How to diagnose transfer speed

Hello all,

I’ve recently acquired two Microserver G8 and upgraded them with Xeon 1265 and 16GB of RAM (the max they can have).

I’ve created a pretty large NAS - 4 x 14TB - which I appreciate is beyond the recommended RAM/Storage ratio. My Network is only 1Gbps and they are going to be used as basic, single-user storage NAS though so I am being optimistic.

After RSync’ing my old NAS to the new one, I’ve copied some content from an external SSD this morning and I see this little step in incoming speed.

It seems to be consistent, that is, it stays there and won’t go up anymore.

The CPU on the G8 is running at 10% on average. The files are coming from macOS. Files are mostly all video files so pretty large ones. I might have something else using the network but not 200Mbit/s. Also, it was able to saturate the bandwidth at the beginning of the transfer.

Drives don’t seem to show a change in their behaviour. The little drop at 9:52 was probably me using the network for something else for a few minutes.

Any pointers on how to troubleshoot this sudden drop in speed?

Thanks!

What do you mean by external SSD ? How was this SSD connected to Truenas ? Or was it connected to the Mac ?
Whats your Pool layout for the 4 drives ?

I would first use iperf3 to test the max possible networt speed. Iperf3 is available though the command line and there exists afaik also a macos version.

1 Like

Thank you for the pointer and sorry if I was not clear.

I was transferring from an external USB4 SSD connected to my Mac TO Truenas.

I ran iperf3 on the server - and another identical one (just empty) which is sitting on the same switch. They’re both on Raidz1

This is the server in question

This is the identical, empty server

The commands I ran were:

iperf3 -c 192.168.0.235

iperf3 -c 192.168.0.235 -P 4

Can you help me interpreting the results?

Thanks again for the help!

Seems to be at close to 900mbps, looking good from a purely networking perspective imo if you’re using 1gig.

I’m confused on what the issue is - interface is in Gigabits per second & it is reasonably close to 1. Then you have disk io for sda at ~100 Mebibytes/s, which is roughly ~800Mb/s. Which is reasonably close to a gig link.

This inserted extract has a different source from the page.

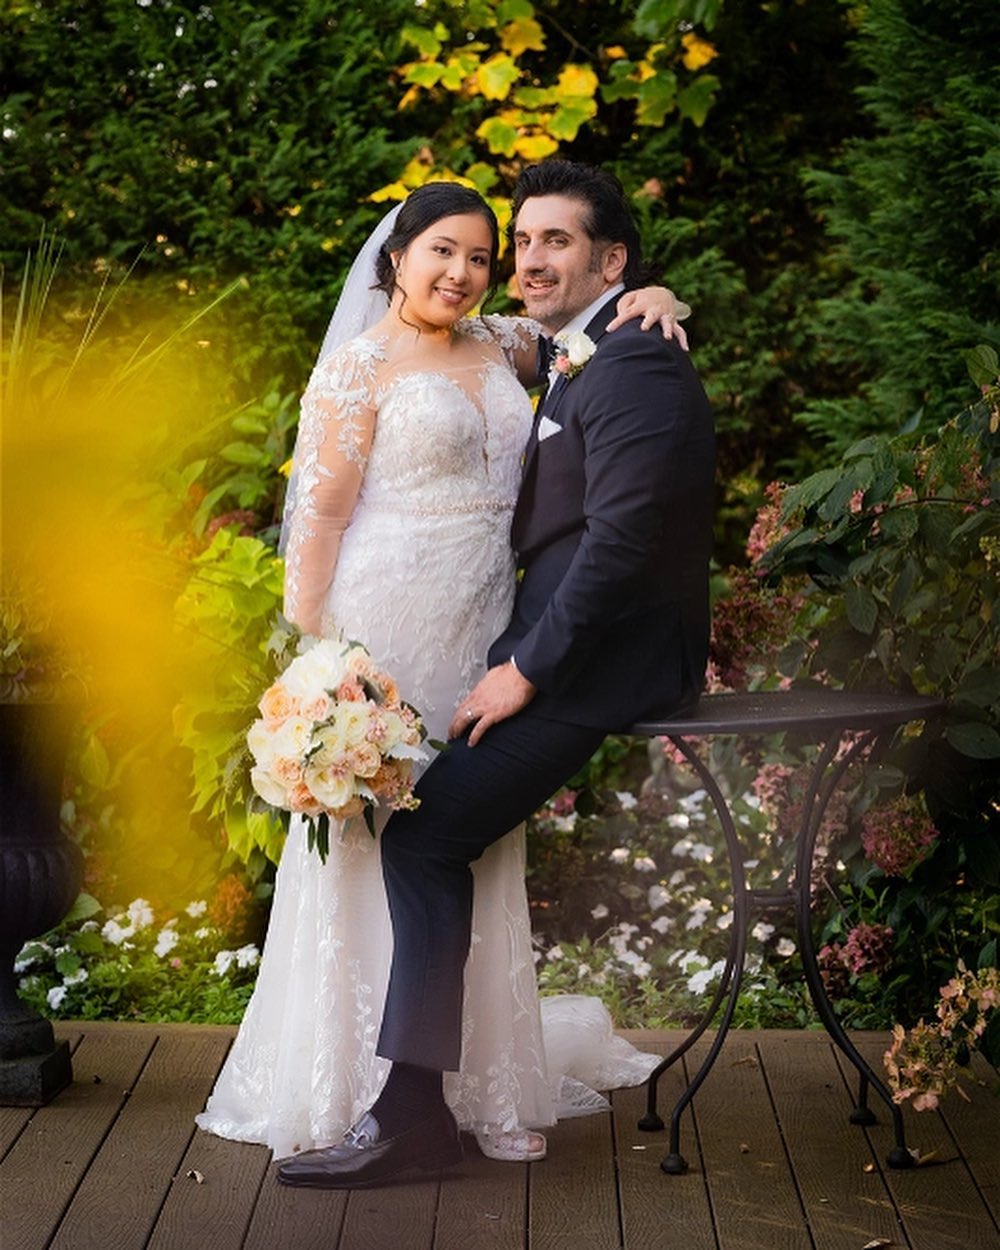 5 Reasons Why You Should Consider Choosing A Garden Wedding Venue

Imo you’re getting expected speeds on your Gbps network when you factor in overhead. Are you worried that speeds dropped from >900mbps to apprx 800mbps after 9:55pm?

1 Like

I assume so… could have a bunch of reasons. Maybe at that time a lot of small files were transferred which increased the overhead.

1 Like

In each of the pictures, the top run shows speeds in the 200mbit/s range.

So there seems to be a network limitation for these kind of transfers.

Are you worried that speeds dropped from >900mbps to apprx 800mbps after 9:55pm?

Yes and it didn’t recover from there

Maybe at that time a lot of small files were transferred which increased the overhead.

That was a video footage archive, 99% of the files were pretty large. And it seems that the box has been at max 800Mbps since that time

n each of the pictures, the top run shows speeds in the 200mbit/s range.

The servers are in an outbuilding and I know I had issues with network there before. Some adaptors can run 1Gbps perfectly, others will jump up and down a bit.

iperf3 seems to confirm that whatever issue there is, it’s a network issue and it’s nothing to do with TrueNAS

I’ve just checked on a different box which is sitting on a “more reliable” section of my network and speeds are more consistent. I’ll move the TrueNAS server there and see if things change - I suppose so.

Thanks so far!

Fair nuff - that seems like much more of a pain in the ass to diagnose; would be much easier to try & fix dead or much slower link :frowning:

for sure.

I wired the outbuilding some time ago, I inadvertently went with an 35m UTP outdoor-rated cable but it’s always been a bit dodgy. It works, but some adaptors will go flat-out 1Gbps, some others will jump up and down a bit.

Back some time ago I tested whatever device was giving me issue and tested it with a good, long cable directly to my main switch in the house and it liked that. Since then, I changed some bits and it seemed to be more stable.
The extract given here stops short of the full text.